Sloane didn’t know whether to laugh or cry. Sitting in her rental car in the parking lot, she was too unsteady to go anywhere yet. Maybe the kiss had been a mistake—maybe it had been the last thing he wanted from her—but it had told her something she wasn’t prepared to know. She still loved him. Maybe not in the breathless way she’d loved him at first, but in a more deep-down sense. It was something more profound—something she didn’t understand and wasn’t ready to think about.

Carter was a handsome man and, while she’d rarely let a man turn her head, she’d always reacted to him. He’d taken off some weight since she’d last seen him, and it looked good. Was he working out again? Because for the first time since he’d been injured he looked toned.

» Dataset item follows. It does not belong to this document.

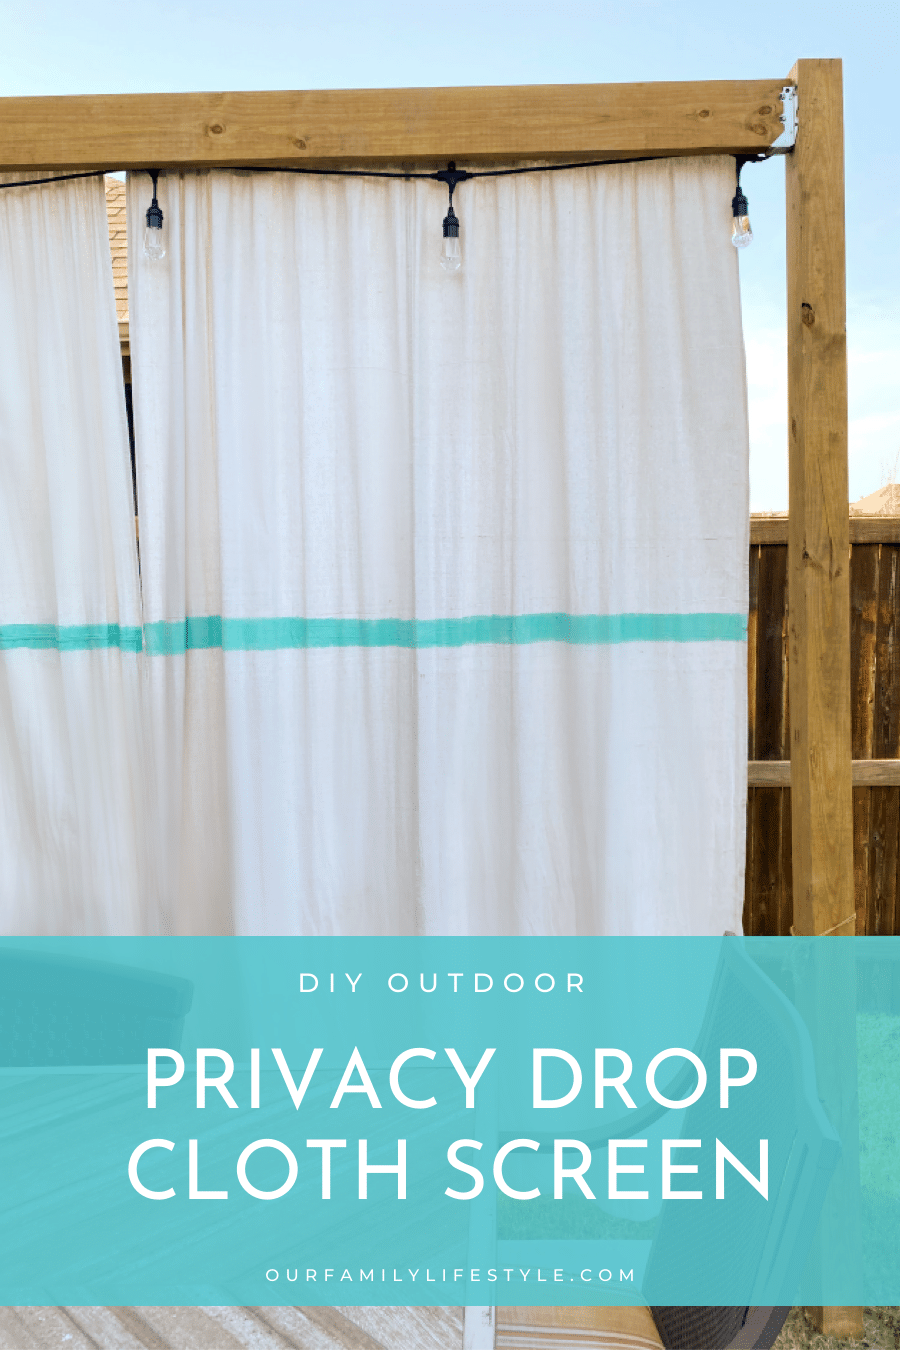 DIY Outdoor Privacy Drop Cloth Screen

But he’d always been a head-turner, hadn’t he? Sometimes he’d shown up for work in tight leather pants, which had given all the ladies quite a show before he gave himself over to his day and changed into scrubs.

She’d loved that side of him because he’d known what he was doing—had had fun with it. He’d loved having people looking at him, speculating about who he really was—a bad boy or simply a narcissist. In truth, he had been neither. Carter Holmes had simply been a man who’d enjoyed life. He’d liked to play around with it to see what turned up. And he’d taught her to enjoy it along with him. To be spontaneous. To let go occasionally and live in the moment.

That hadn’t been her when they’d first met. After her mother died she’d been raised by a loving but very serious father who’d overwhelmed her with his serious world. Yet Carter had made her life so—good. So much fun to anticipate.

Those days were so far in the past, though, she almost wondered if they’d happened at all. Nothing seemed real anymore. It hadn’t for such a long time. Even now—being here and discovering Carter was here as well—was an altered reality, and the pieces of it hadn’t come together in her mind yet.

“I didn’t want to stir the pot,” Matt said to her an hour later, when she went to his surgery and challenged him about not telling her that Carter was in Forgeburn.

“So you just let me bump into him accidentally?” She shook her head, angry because of so many things.

“There was no guarantee you would bump into him.”